Does it get its points across? I guess it does but I feel this is a play some will watch and feel pretty bored while others may going away thinking about the themes until they get their hands on a good cup of coffee. It certainly made me more interested to learn about the actual play this title was based on that’s for sure. From that research I have to say I was much more interested in the original play than the developers interpretation here.Â

No Gameplay Just Watch
Once you press play in the main menu you simply watch and potentially enjoy. The majority of the experience plays as a long cutscene The art style feels similar to a comic book surrounded by this pinky-purple colour palette. For the most part it works and I liked what the developers were attempting to create.

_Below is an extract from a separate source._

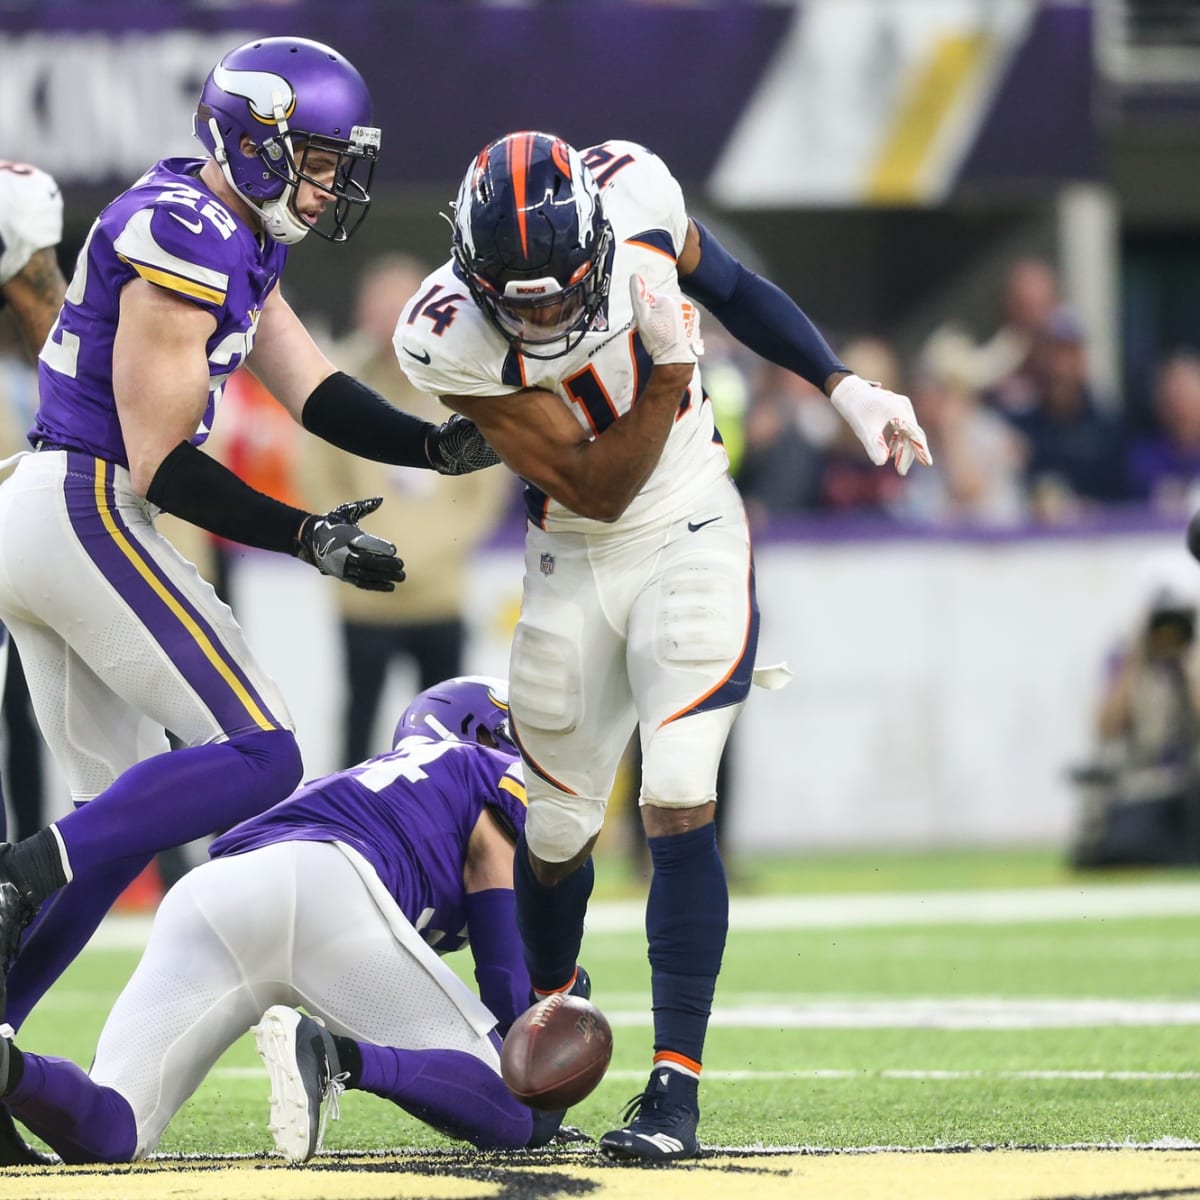 DENVER FOOTBALL: NFL preseason: Broncos vs Vikings on Saturday

Its just a bit odd to see such a short game have graphical glitches. Sometimes the textures of characters didn’t appear smooth or render correctly. The game often tries to throw in these odd artistic moments where a character might morph into a different persona or the background might have a odd light display. But a lot of the time these felt very out of place and didn’t flow with the story. At times the game will randomly just jump to static images with dialogue running along the bottom of the screen like many visual novel style games. It just feels as if the game should have played out fully as a cutscene rather than randomly switching between these styles. Especially since the player really has no control but to watch the experience play out. Though the game does allow you to skip between each bit of dialogue back and forth as well as fast-forwarding making capturing screenshots easy for me.

Speak up
For the most part the acting is pretty good. The voice actors do a decent job reading their lines. The developers advertise that the dialogue was recorded as if the actors were in a theatre together. This didn’t appear to come across in-game. The audio levels for each character didn’t sync well with the random background music which just seemed to cut in randomly for no reason and was far too loud. By playing with the audio settings I managed to balance it better.

Curtain Call
The Cherry Orchard is an interesting attempt to bring the theatre experience to video games. Audio issues, graphical glitches and art design that just didn’t seem to come together as well as it should make this hard to recommend to anyone but the most die hard of theatre lovers.
The credit I will give the title is it did remind me of the good times I had going to the theatre when I was younger. But in those moments of reminiscing I was reminded how much I would rather just watch the theatre production of the title this is based on. I actually feel one day the theatre experience will come to video games effectively. But as the Cherry Orchard shows we’re not quite there yet.